CREATE statements are used to register a table/view/function into current or specified Catalog. A registered table/view/function can be used in SQL queries.
Flink SQL supports the following CREATE statements for now:
CREATE statements can be executed with the sqlUpdate()
method of the TableEnvironment
, or executed in SQL CLI. The sqlUpdate()
method returns nothing for a successful CREATE operation, otherwise will throw an exception.
The following examples show how to run a CREATE statement in TableEnvironment
and in SQL CLI.
EnvironmentSettings settings = EnvironmentSettings.newInstance()...
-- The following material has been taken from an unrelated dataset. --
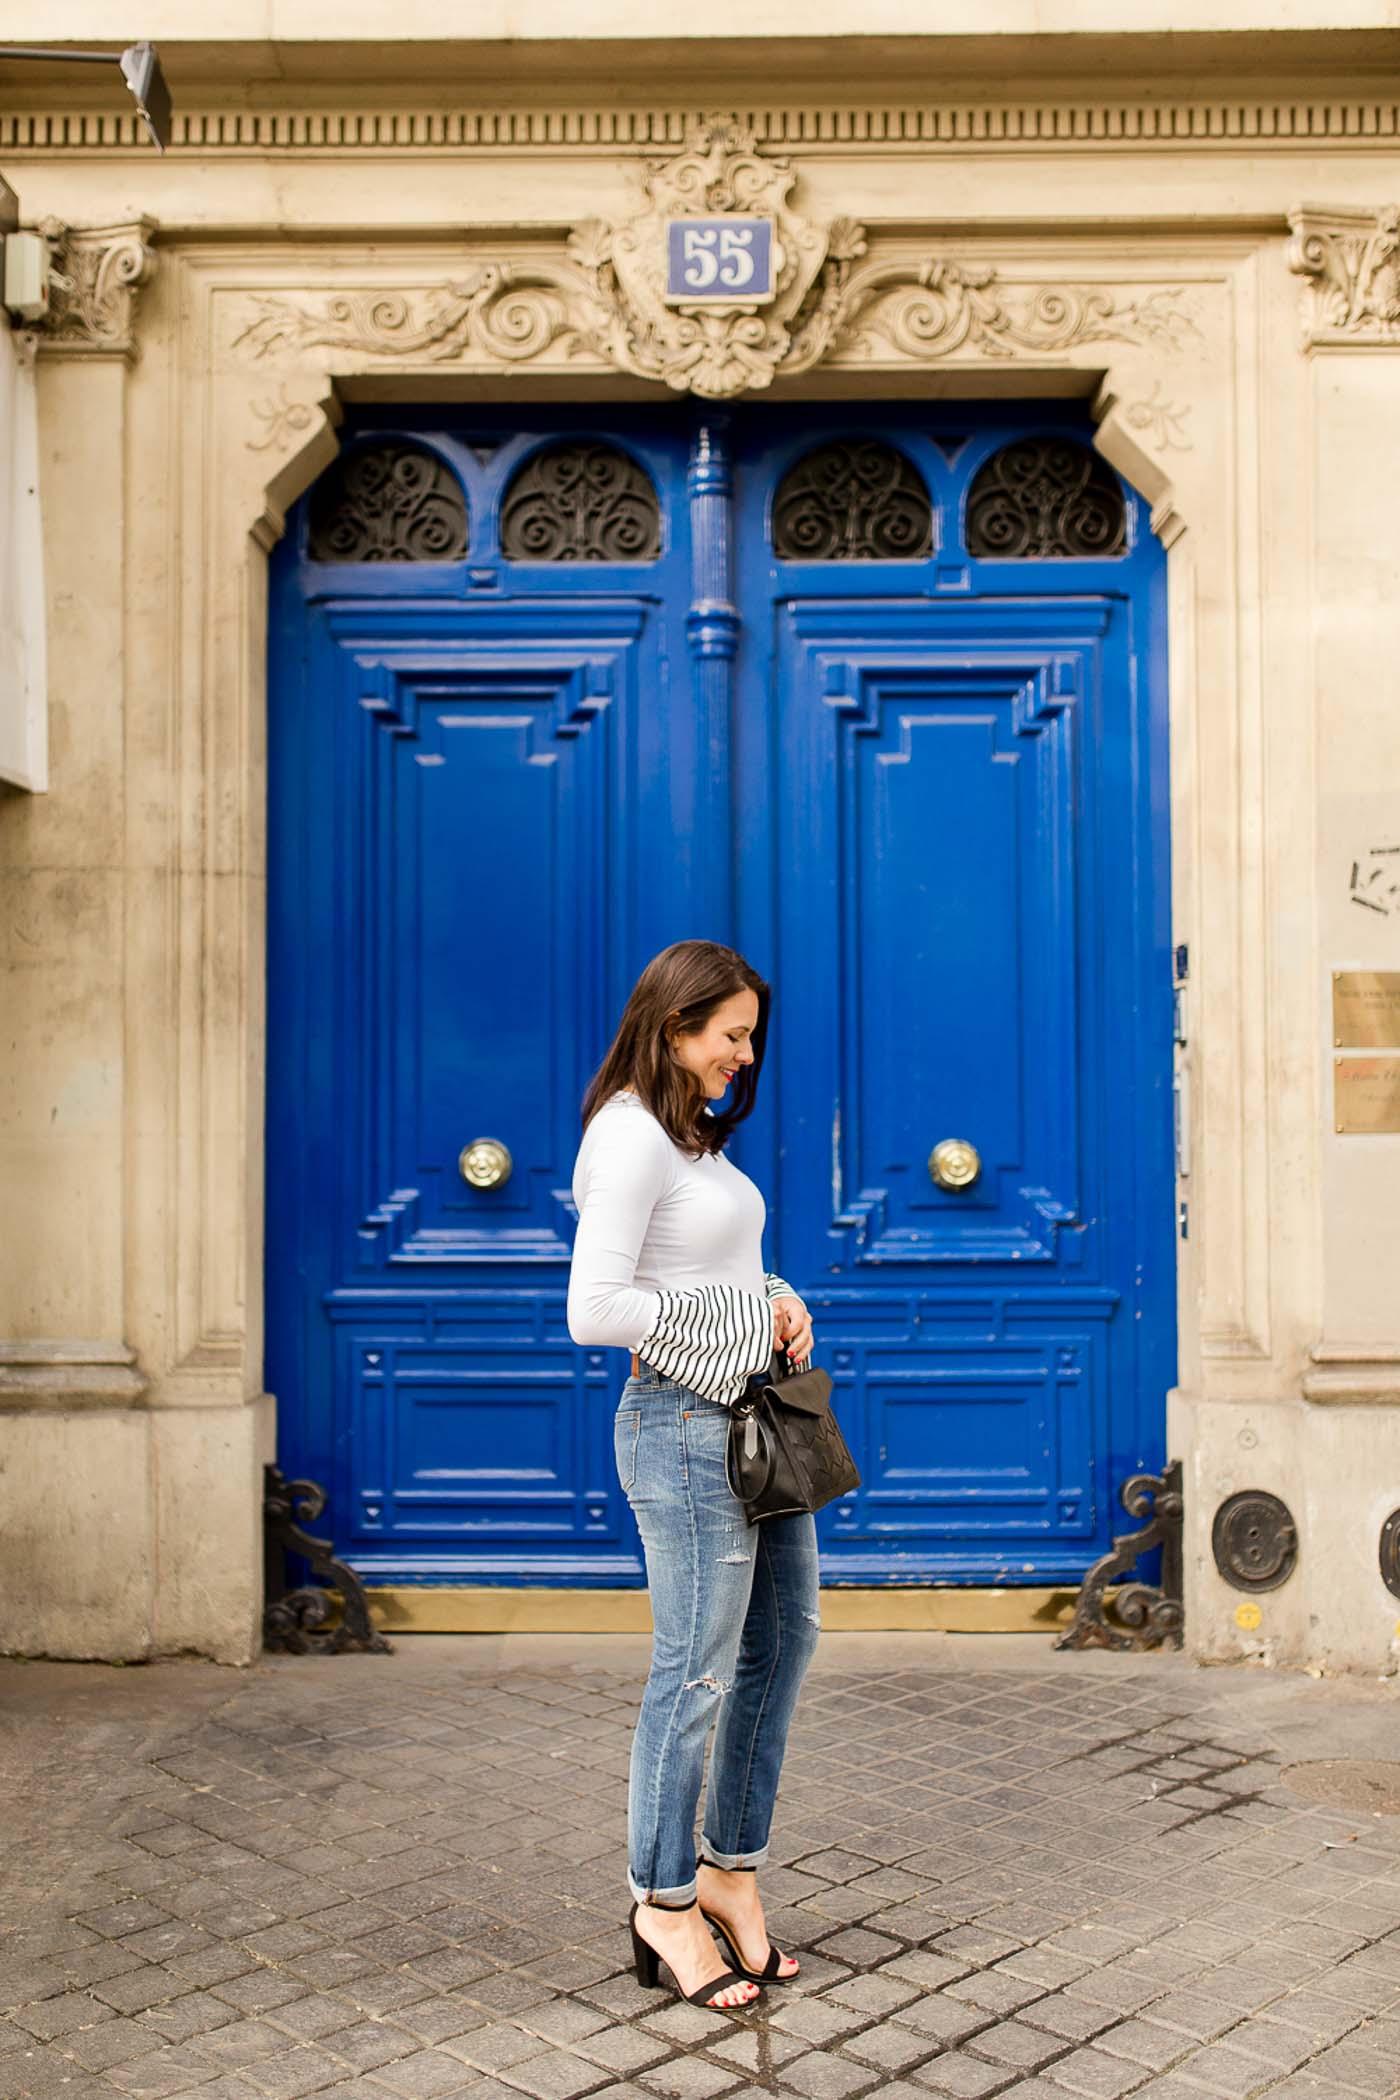 Paris Doors colorful doors outfit ideas paris photography u2013 My Style Vita @mystylevita & Paris Doors colorful doors outfit ideas paris photography - My ...

TableEnvironment tableEnv = TableEnvironment.create(settings);
// SQL query with a registered table
// register a table named "Orders"
tableEnv.sqlUpdate("CREATE TABLE Orders (`user` BIGINT, product STRING, amount INT) WITH (...)");
// run a SQL query on the Table and retrieve the result as a new Table
Table result = tableEnv.sqlQuery(
"SELECT product, amount FROM Orders WHERE product LIKE '%Rubber%'");
// SQL update with a registered table
// register a TableSink
tableEnv.sqlUpdate("CREATE TABLE RubberOrders(product STRING, amount INT) WITH (...)");
// run a SQL update query on the Table and emit the result to the TableSink
tableEnv.sqlUpdate(
"INSERT INTO RubberOrders SELECT product, amount FROM Orders WHERE product LIKE '%Rubber%'");
val settings = EnvironmentSettings.newInstance()...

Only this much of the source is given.